The American Council of Life Insurers (ACLI) said that progress has been slow in making the state regulatory system uniform across all jurisdictions and that the areas of state regulation that were problematic when the trade association did a benchmark study about 12 years ago remain today, despite global economic forces that should have spurred regulatory change.
The ACLI also presented a follow-up survey of state insurance regulation in its remarks Dec. 13 to the Federal Insurance Office (FIO) of the U.S. Treasury as part of a process FIO is undertaking to get input on improving and modernizing insurance regulation under the Dodd-Frank Act.
Comments are due Dec. 16 and most are expected late this week. See more here.
However, of 19 emerging issues, companies express the greatest concern over expanding federal regulation of insurance.
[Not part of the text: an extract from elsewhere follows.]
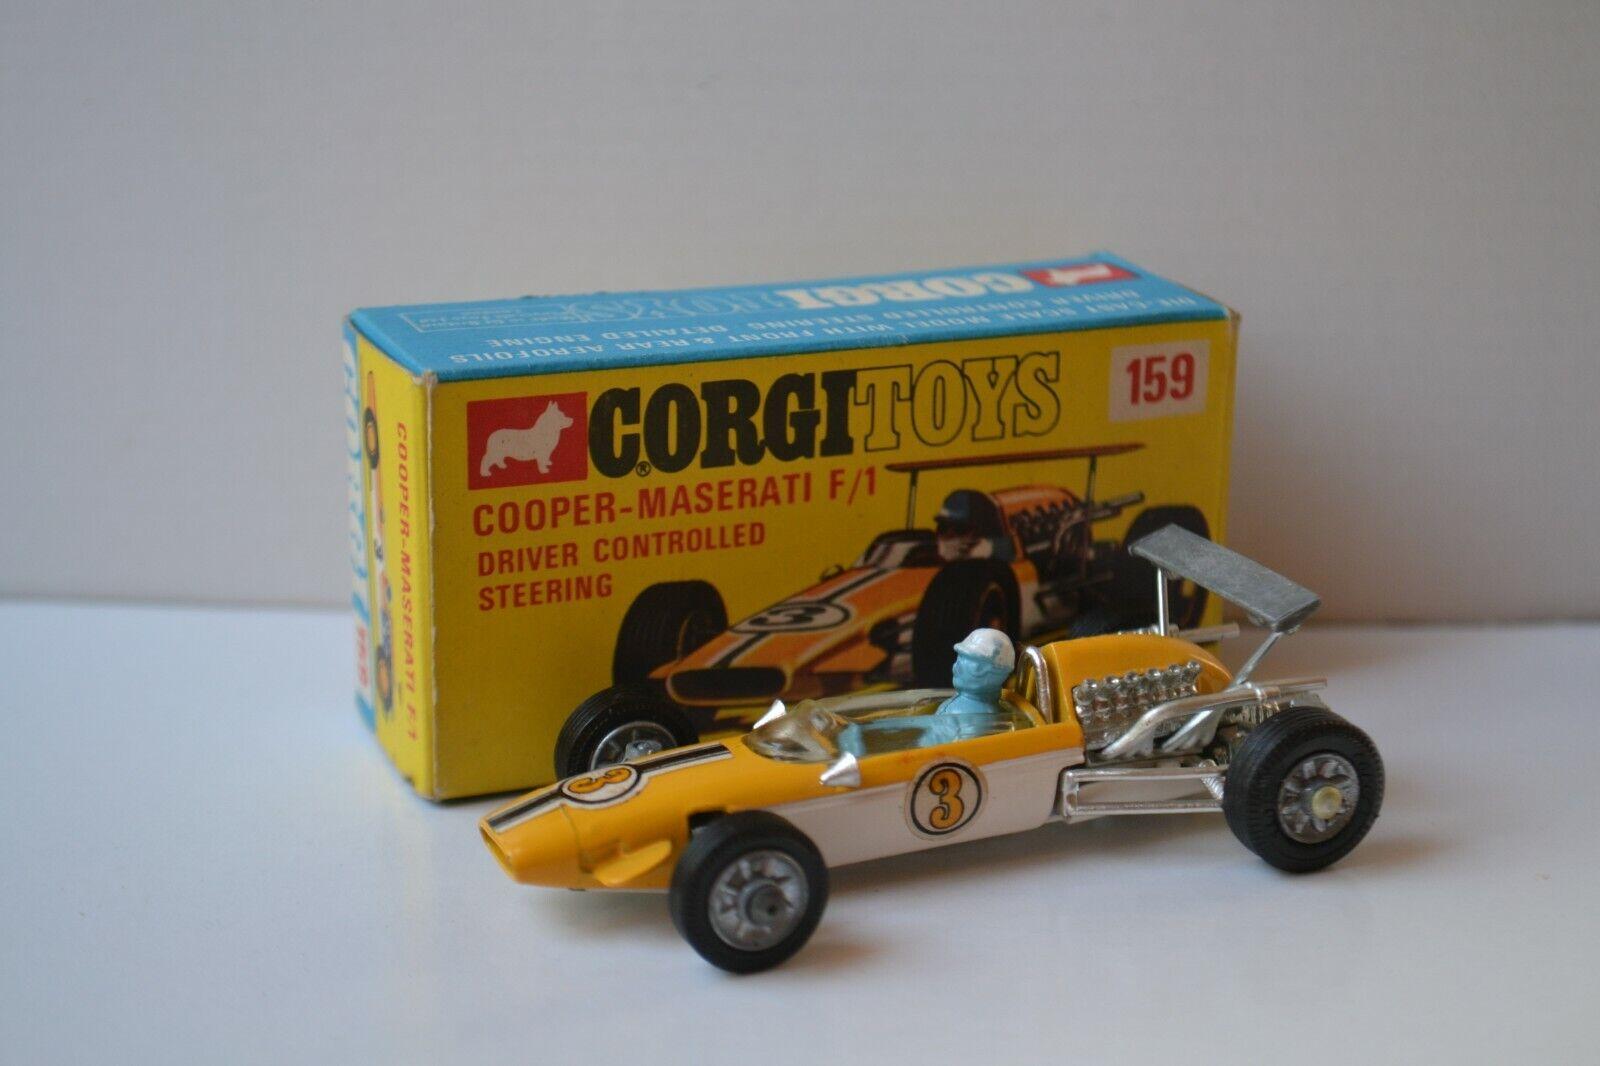 Corgi Toys 159 Cooper-Maserati F 1 OVP

Specifically, "two issues rated as important and in need of improvement in 2000 were similarly rated in 2011: policy/contract form approval and market conduct examinations," according to the study, noting that expertise/capacity is the primary reason securities valuation is rated poorly. Many areas were found seriously wanting since the 1999 study, but statutory accounting still found its way into the hearts of more than half the CEOs.
To add to the depth of its assessments, the ACLI said a new CEO task force is now analyzing the industry's policy position on regulatory reform, and reviewing the survey results and factoring in the implications of global regulatory issues as well as those resulting from the passage of the Dodd-Frank financial regulatory reform, it told the FIO.
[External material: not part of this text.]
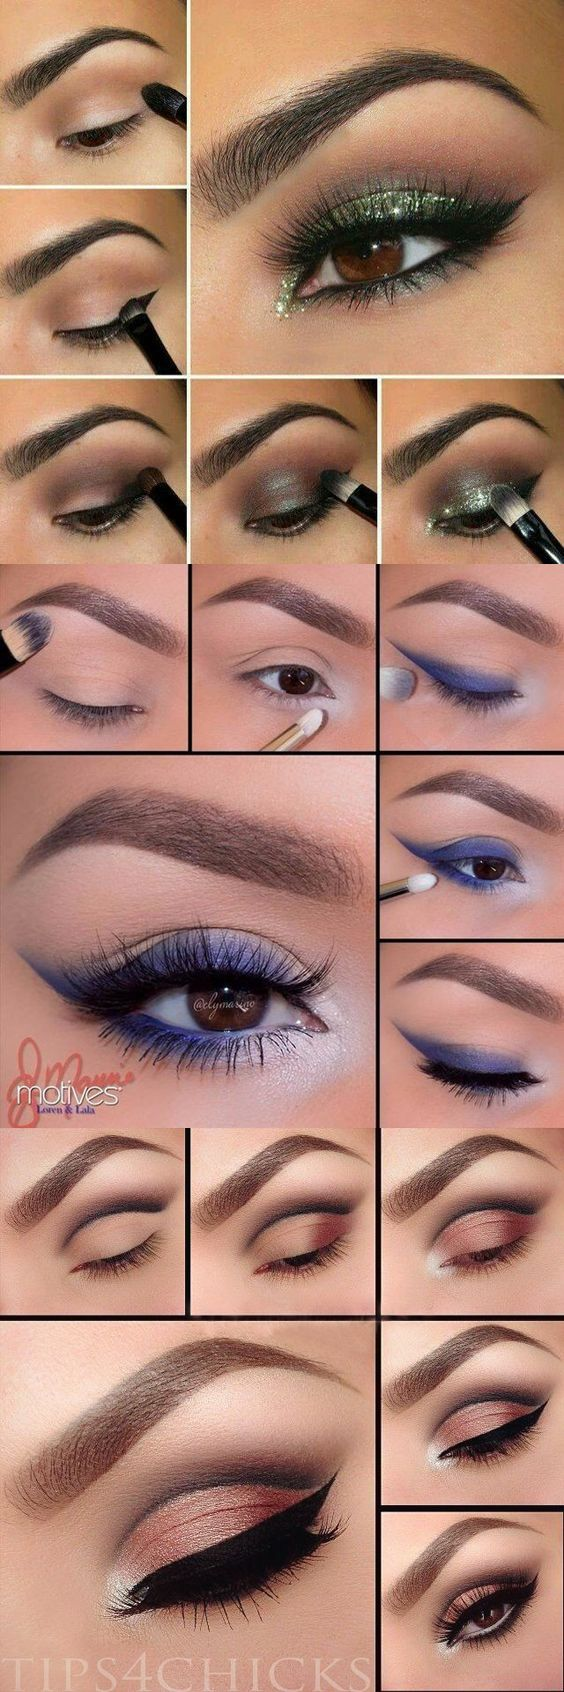 Beginner Makeup Brushes: Best 25+ Beginner Makeup Ideas On Pinterest

However, the trade group said it was not in a position to offer specific federal legislative suggestions for implementing improvements to the insurance regulatory system to the FIO at this time. It stood by its established policy position on regulatory reform, from 2000, which calls for a two-track approach to the issue, with one track focusing on improvements to our state-based system and the second track calling for the implementation of an optional federal charter.
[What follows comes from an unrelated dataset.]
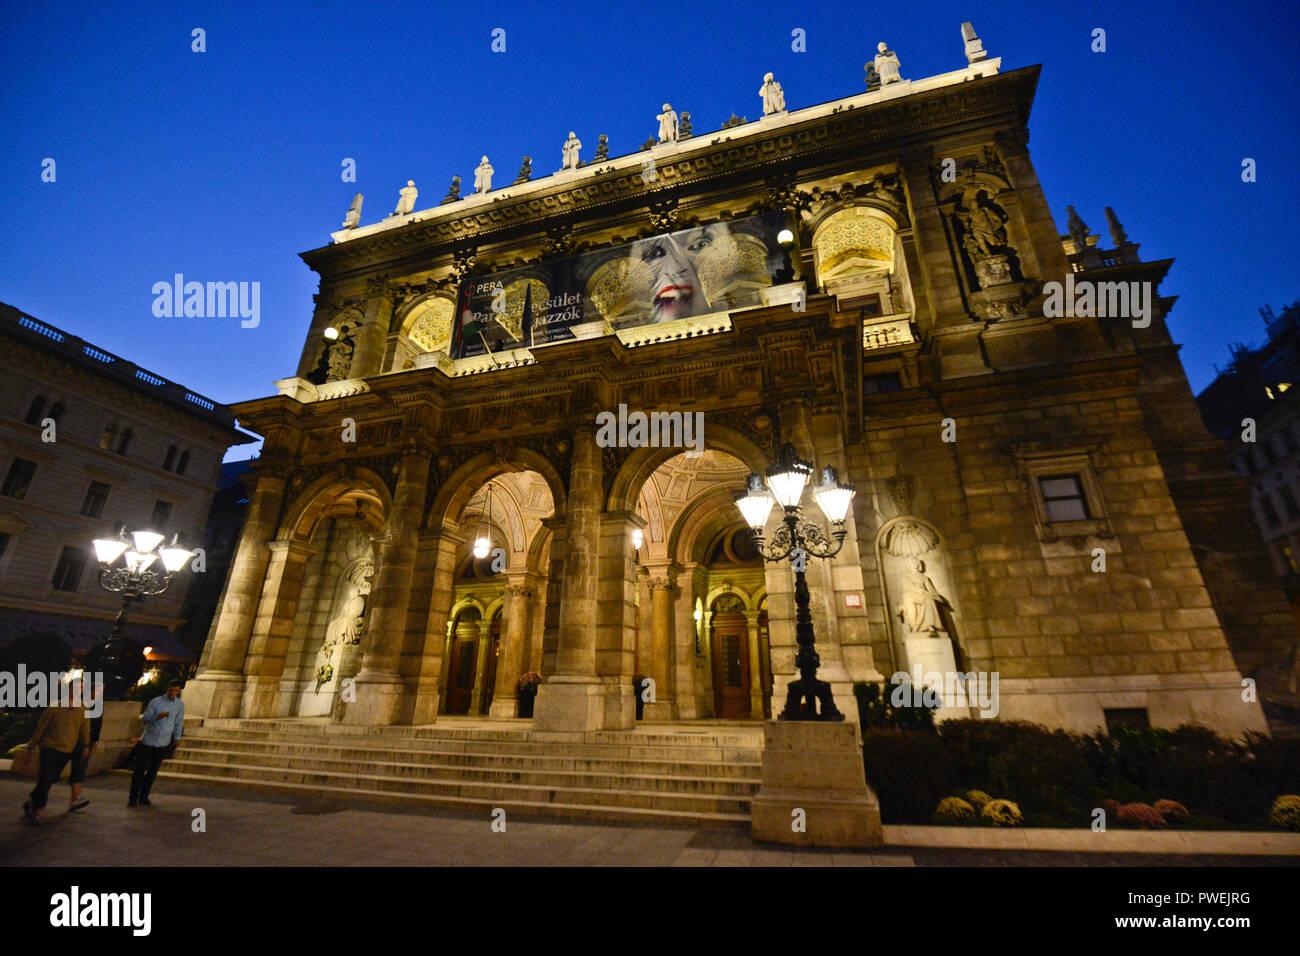 Hungarian State Opera House. Budapest, Hungary - Stock Image

Although the state-based regulatory system has served the industry well over "withstood the recent financial crisis admirably," it hasn't kept pace with the changing times marked by with the advent of Solvency II, the emerging role of the IAIS and efforts to address institutional oversight on a multinational basis, Dodd-Frank and its implementation and G-20 and Financial Stability Board (FSB) regulatory reform measures, according to the ACLI.
In its filing, written by ACLI General Counsel Gary Hughes and addressed to FIO Director Michael T. McRaith, the ACLI went on to note that "…in many areas of regulation a lack of uniformity from state to state persists both in terms of the laws and regulations themselves and in terms of their interpretation and enforcement. This lack of uniformity is a major impediment to an efficient and cost-effective regulatory system."
With regard to regulatory creep, "companies are concerned that existing federal oversight by the Treasury, Securities and Exchange Commission (SEC), Financial Industry Regulatory Authority (FINRA) and Department of Labor (DOL), added to new oversight imposed by implementation of Dodd-Frank rules and regulations by various federal agencies, combined with existing state regulations, is making the life insurance regulatory regime increasingly complex, fragmented and difficult to coordinate."